Expressive power (computer science)

In computer science, the expressive power (also called expressiveness or expressivity) of a language is the breadth of ideas that can be represented and communicated in that language. The more expressive a language is, the greater the variety and quantity of ideas it can be used to represent.

For example, the Web Ontology Language expression language profile (OWL2 EL) lacks ideas (such as negation) which can be expressed in OWL2 RL (rule language). OWL2 EL may therefore be said to have less expressive power than OWL2 RL. These restrictions allow more efficient (polynomial time) reasoning in OWL2 EL than in OWL2 RL. So OWL2 EL trades some expressive power for more efficient reasoning (processing of the knowledge representation language).

^[1]

The term expressive power may be used with a range of meaning. It may mean a measure of the ideas expressible in that language:^[2]

• regardless of ease (theoretical expressivity)
• concisely and readily (practical expressivity)
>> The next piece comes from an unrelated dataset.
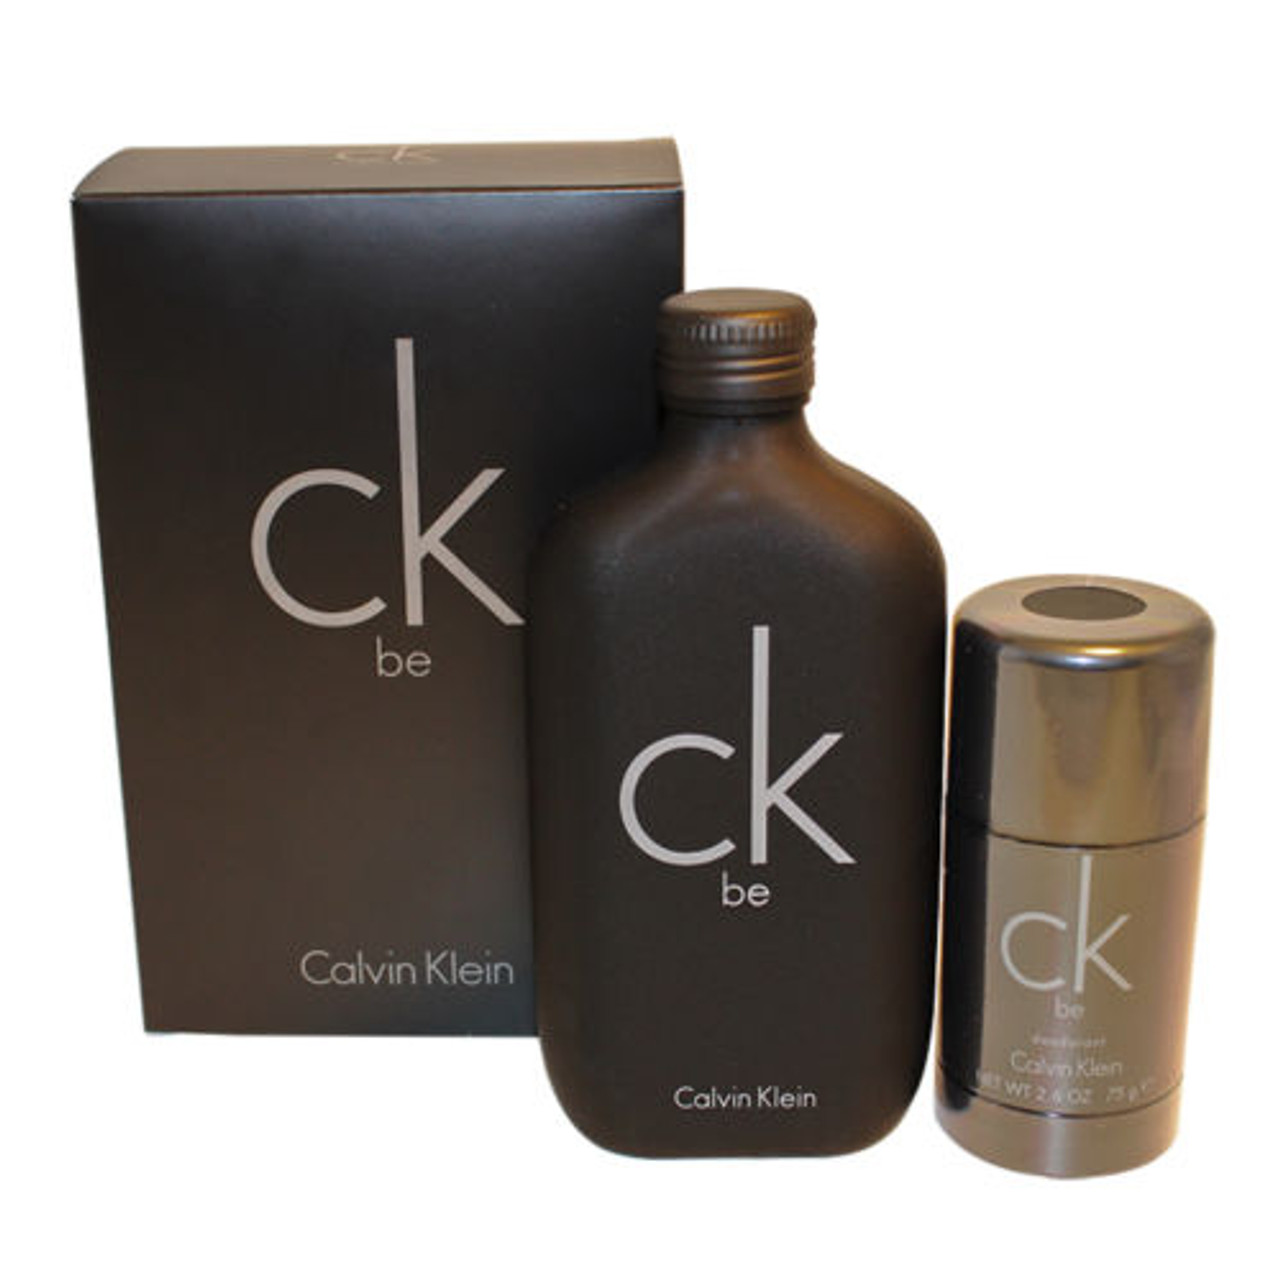 CK Be by Calvin Klein 2pc Gift Set EDT 6.7 oz + Deo Stick 2.6 oz for Unisex  - ForeverLux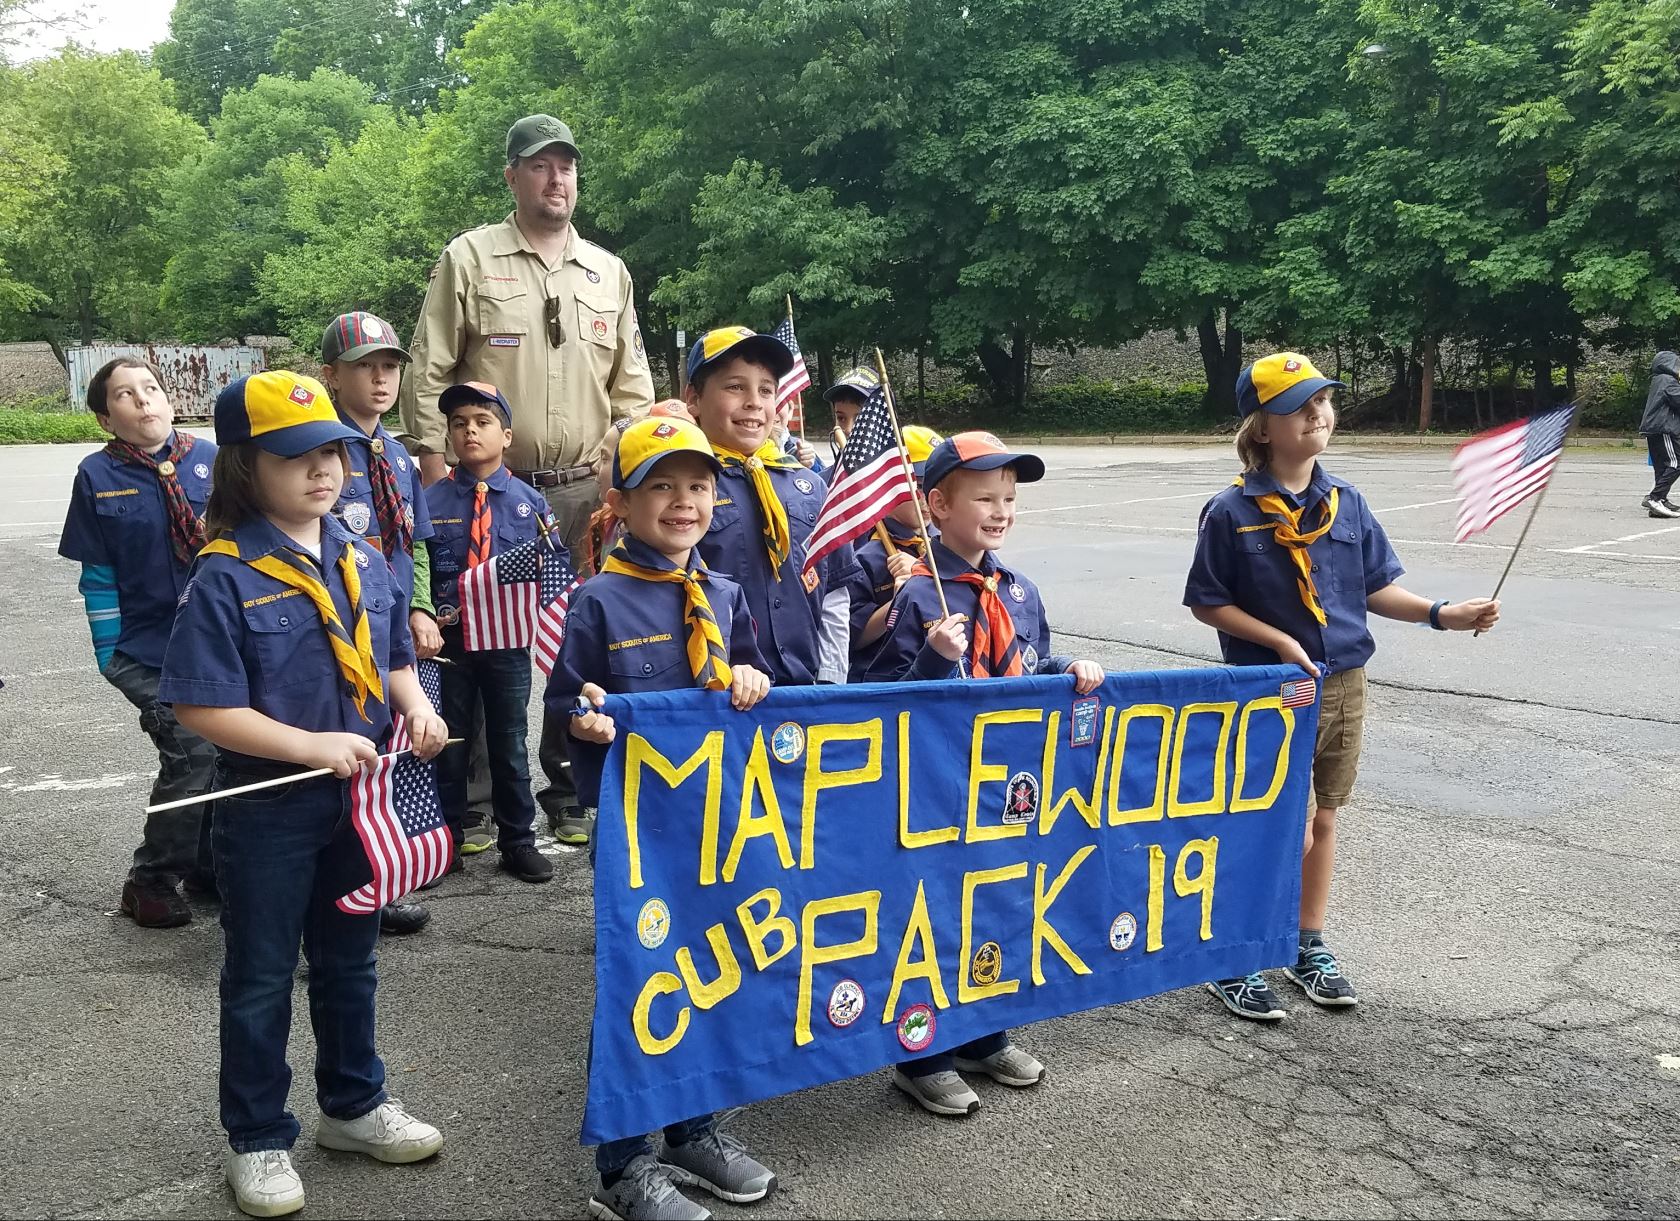 Maplewood Pack 19 Cub Scouts to Provide Safe Outdoor Activities - The Village Green

The first sense dominates in areas of mathematics and logic that deal with the formal description of languages and their meaning, such as formal language theory, mathematical logic and process algebra.^[2]

In informal discussions, the term often refers to the second sense, or to both. This is often the case when discussing programming languages.^{[3][page needed]} Efforts have been made to formalize these informal uses of the term.^[4]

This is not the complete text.